» Input data:
=== Begin Enclosure ===

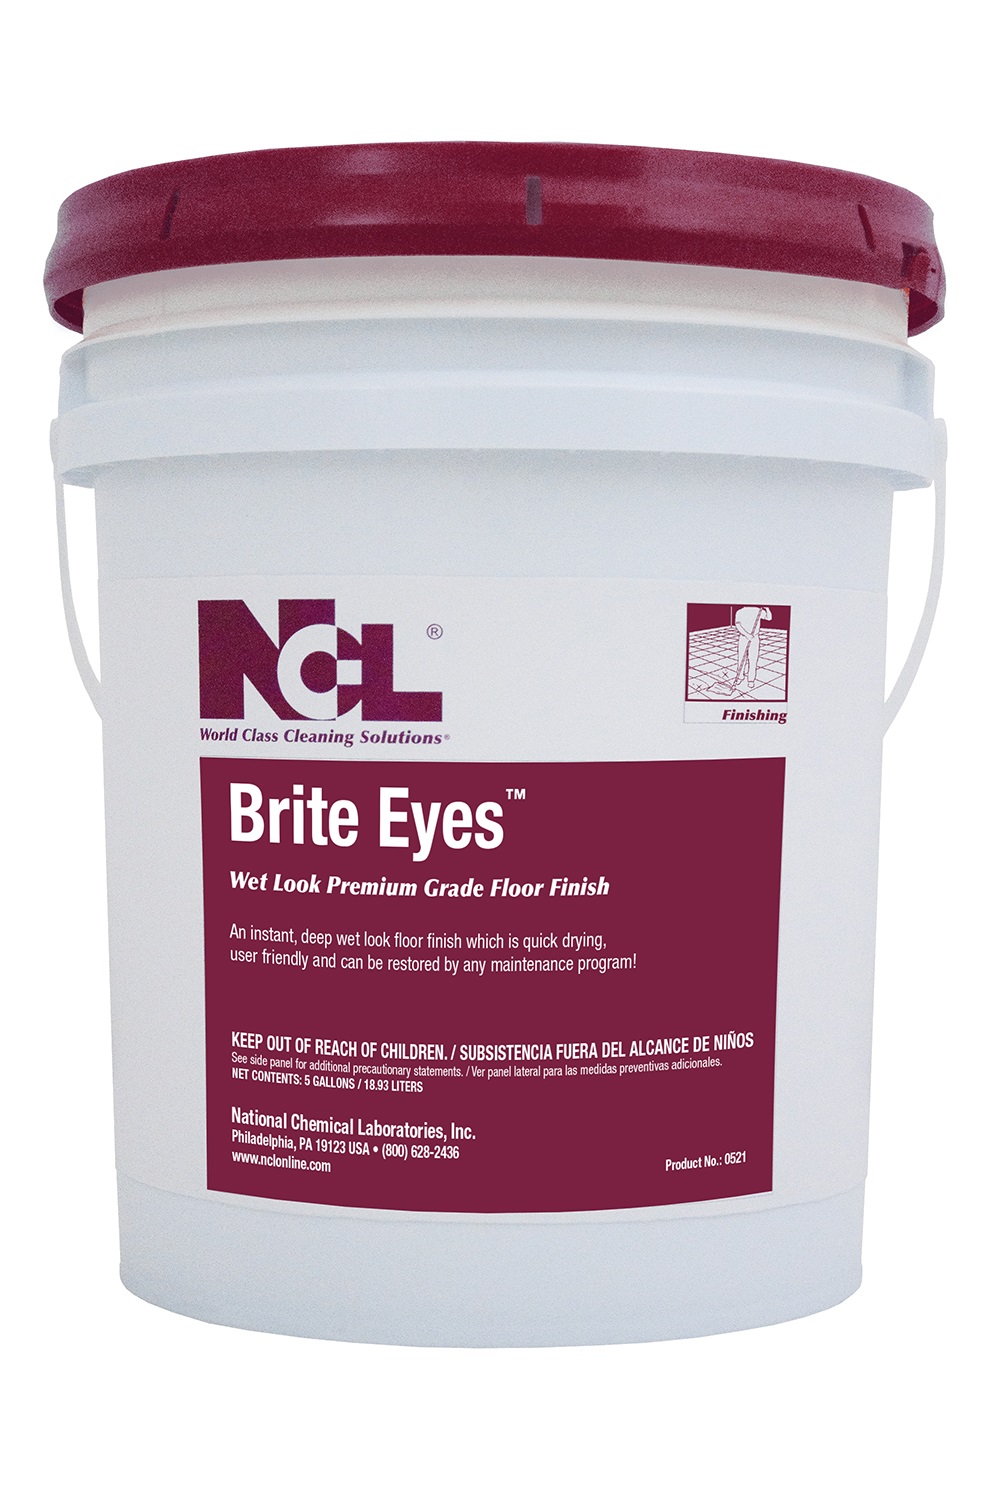 NCL Brite Eyes Wet Look
Premium Grade Floor Finish -
(5gal)

=== End Enclosure ===

Your response must reproduce the listing above word for word and must contain none of its pictures.

» Response to the exercise:
 NCL Brite Eyes Wet Look
Premium Grade Floor Finish -
(5gal)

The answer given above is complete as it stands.